Is there a working reservations #? They all seem to be down
Avios restored this afternoon, and an email received from BA a couple of hours later.
Still little information from BA though, which to me means they aren't really sure what happened... I'm still curious on the evidence used to find the compromised accounts, or if it was more blanket coverage reaction to an unknown breach.
http://mobile.reuters.com/article/idUSKBN0MP0OE20150329?irpc=932
Article on Reuters about the breach.
Anyone think we'll be able to get some extra Avios as compensation for such a widespread glitch/error, causing stress and inconvenience?
@ TheTravelEconomist -- I highly doubt it, but you never know.
I wasn't making a serious accusation, I was simply being glib/sarcastic/funny to imply that this behavior is so obviously not acceptable by every conceivable yardstick that only an employee (or stockholder) could proffer that it was acceptable or even beneficial. It was something akin to a "face only a mother could love" kind of comment, not a conspiracy theory.
Thankfully a this page appeared with a quick google search of ba avios missing! My account has had 200k removed! Ugh.
Any update ? When can BA fix this problem ?
@brianna hoffner - I think BA's performance (or lack thereof) is abysmal in this case, but so is calling people who are not taking our line of reasoning BA employees. The fact that someone disagrees with us does not make them a BA employee. If you have any evidence that any commenters are BA employees, I'd be interested in seeing it.
Wow, I think there are some BA employees on this comment thread... I mean, they lost everyone's award tickets and avios and deactivated everyone's logins and gave zero notice. There's no popup, no email in my inbox, nothing. If I reset my password and log in, there's no banner or alert letting me know there's an ongoing problem. Just zero avios and the standard 60+ minute wait to reach someone in India. That's not behavior...
Wow, I think there are some BA employees on this comment thread... I mean, they lost everyone's award tickets and avios and deactivated everyone's logins and gave zero notice. There's no popup, no email in my inbox, nothing. If I reset my password and log in, there's no banner or alert letting me know there's an ongoing problem. Just zero avios and the standard 60+ minute wait to reach someone in India. That's not behavior worth of commendation -- quite the contrary, if you ask me.
@Phillip - If there was a breach, why doesn't BA just come out & say that there was a breach. If they're going to lock people's accounts until they figure out what happened, fine. But they haven't done that, they're using vague language like "unauthorized activity in relation to your Executive Club account." I would think most people would accept it if BA gave a substantive, meaningful reply, but they're not doing that. They're just...
@Phillip - If there was a breach, why doesn't BA just come out & say that there was a breach. If they're going to lock people's accounts until they figure out what happened, fine. But they haven't done that, they're using vague language like "unauthorized activity in relation to your Executive Club account." I would think most people would accept it if BA gave a substantive, meaningful reply, but they're not doing that. They're just locking peoples' accounts and cleaning out their balances WITH NO NOTICE. Why don't they put out a notice on their website, or on Twitter, or a mass e-mail? They're just shooting first and asking questions later and NOT TELLING ANYONE ANYTHING.
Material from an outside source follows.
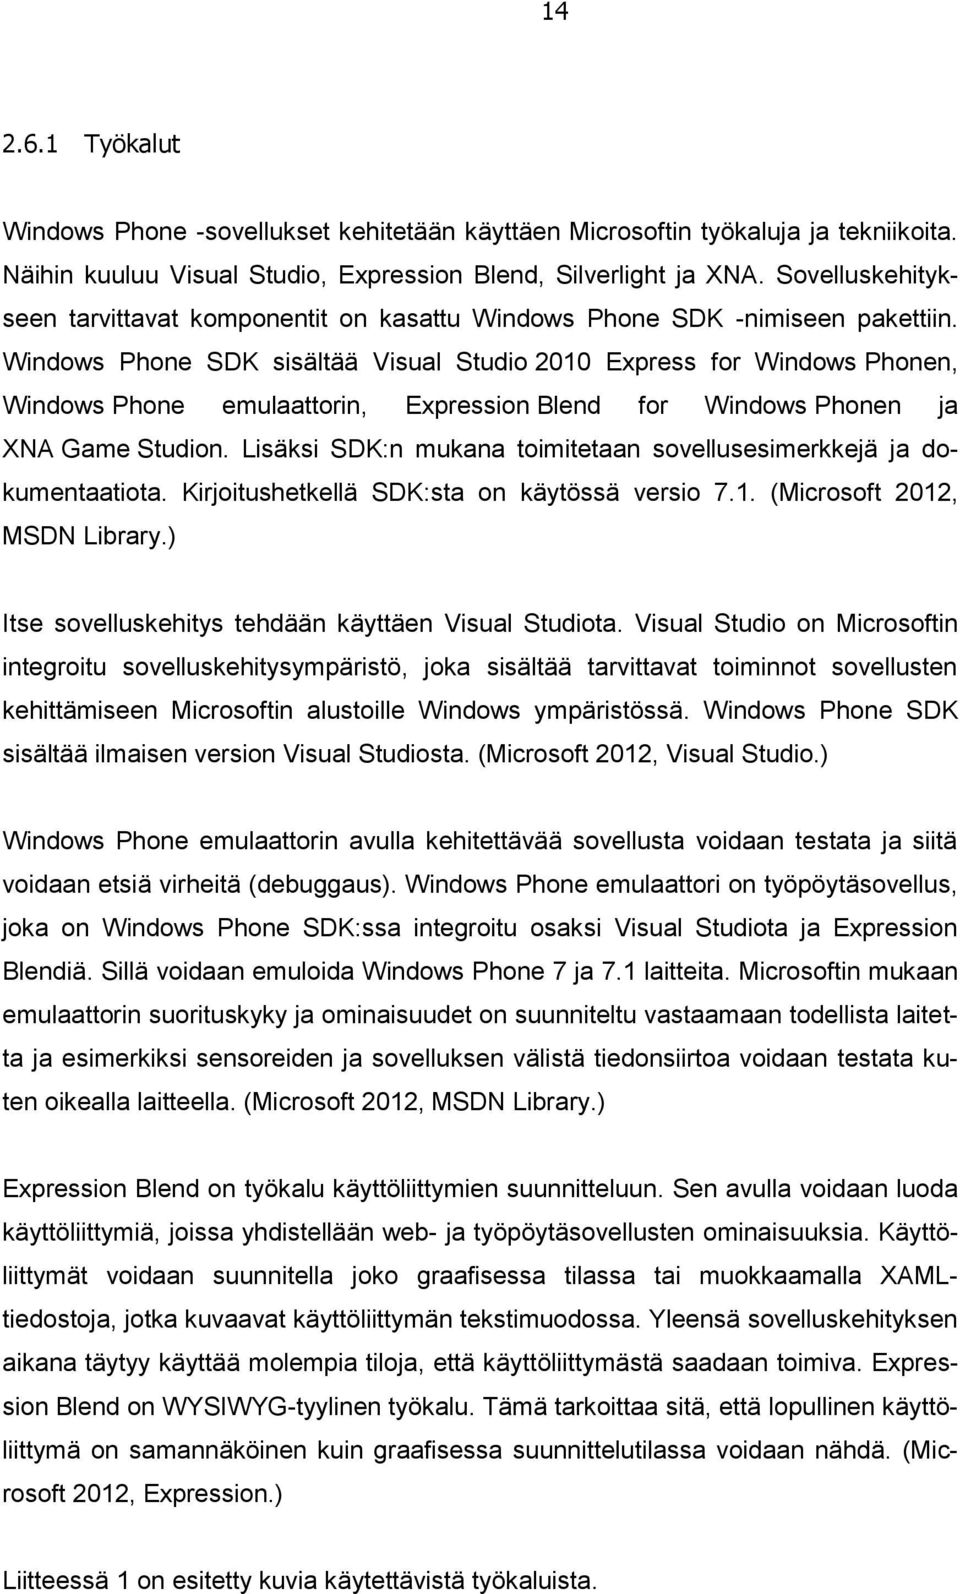 Windows Phone SDK sisältää Visual Studio 2010 Express for Windows Phonen, Windows Phone emulaattorin, Expression Blend for Windows Phonen ja XNA Game Studion.

I was told by a ba rep (from the dept of executive club accounts) that it will take them up to seven days to reinstate my avios because, as he explained, they have to do it for a large number of Ec members... I don't have any inside info on ba iIT, but to me it looks like they have a major computer glitch, something like a corrupted master DB, and IT has not yet...
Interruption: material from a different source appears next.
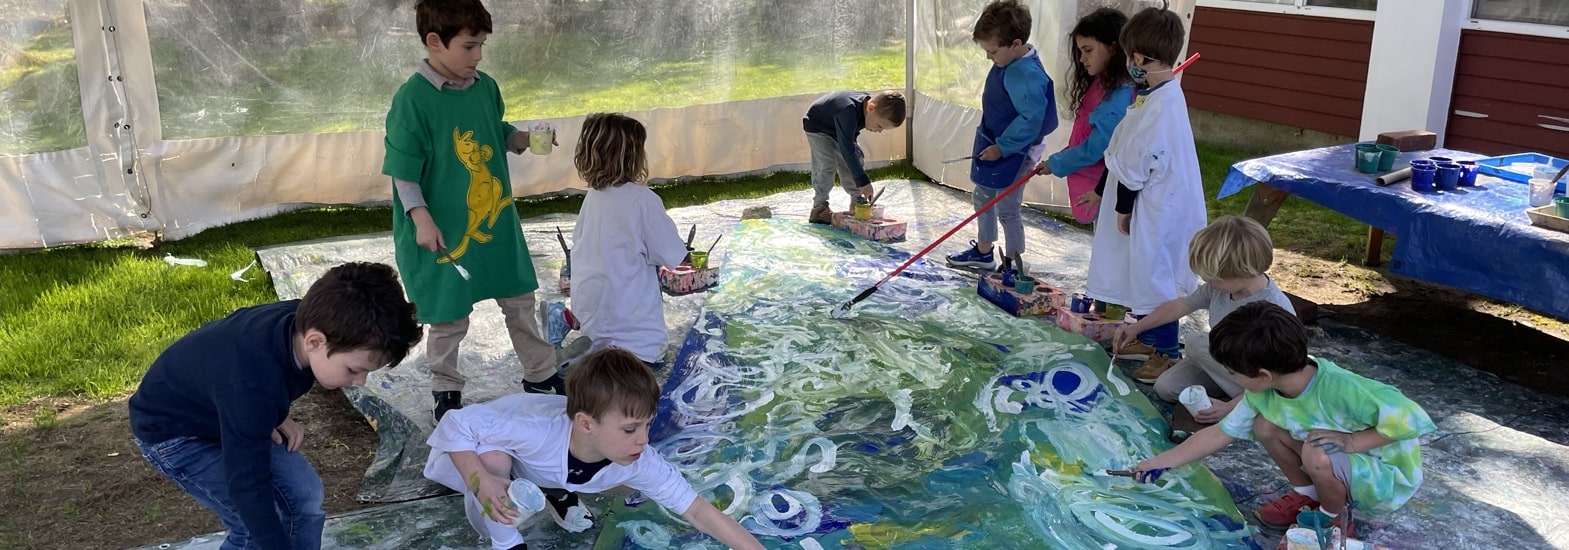 Children exploring floor paint

I was told by a ba rep (from the dept of executive club accounts) that it will take them up to seven days to reinstate my avios because, as he explained, they have to do it for a large number of Ec members... I don't have any inside info on ba iIT, but to me it looks like they have a major computer glitch, something like a corrupted master DB, and IT has not yet figured how to fix the prob and has not given any ETA to Support, that would explain why support guys give different ETAs to customers - they just don't have any clue when it will be fixed...
Hi everyone!
I am joining, account is zeroed...
And!
two award bookings wasted, cancelled!! Simply no info and in checkmytrip-it is empty now.
Those bookings were done in January and were ok till yesterday.
Anyone here had the same thing with award bookings?
@ Phil -- Wow, that's crazy! Were the tickets on BA metal, or a partner?
Phillip, I think it would be wrong to to be 'glad' BA has done anything for your benefit before understanding the situation behind this breach. BA's very vague language and subsequent provision of information behind the breach has me worried. Why aren't you? If you check out the FT thread it would appear there's not yet any definitive commonality with regards to a '3rd party service'.
I'm leaning towards BA having mishandled user data, sadly.
If its a breach then I'm absolutely delighted BA went proactive and locked my account. Points are gone but they will come back as they over time. I don't use Award Wallet but I do use Tripit. Might go and have a quick look see in there to see what has gone on.
As I said well done BA for being proactive.
Why am I the only one thinking, I'm glad they did what they did to safeguard my account and Avios, as opposed to just saying it's not their fault, so live with it?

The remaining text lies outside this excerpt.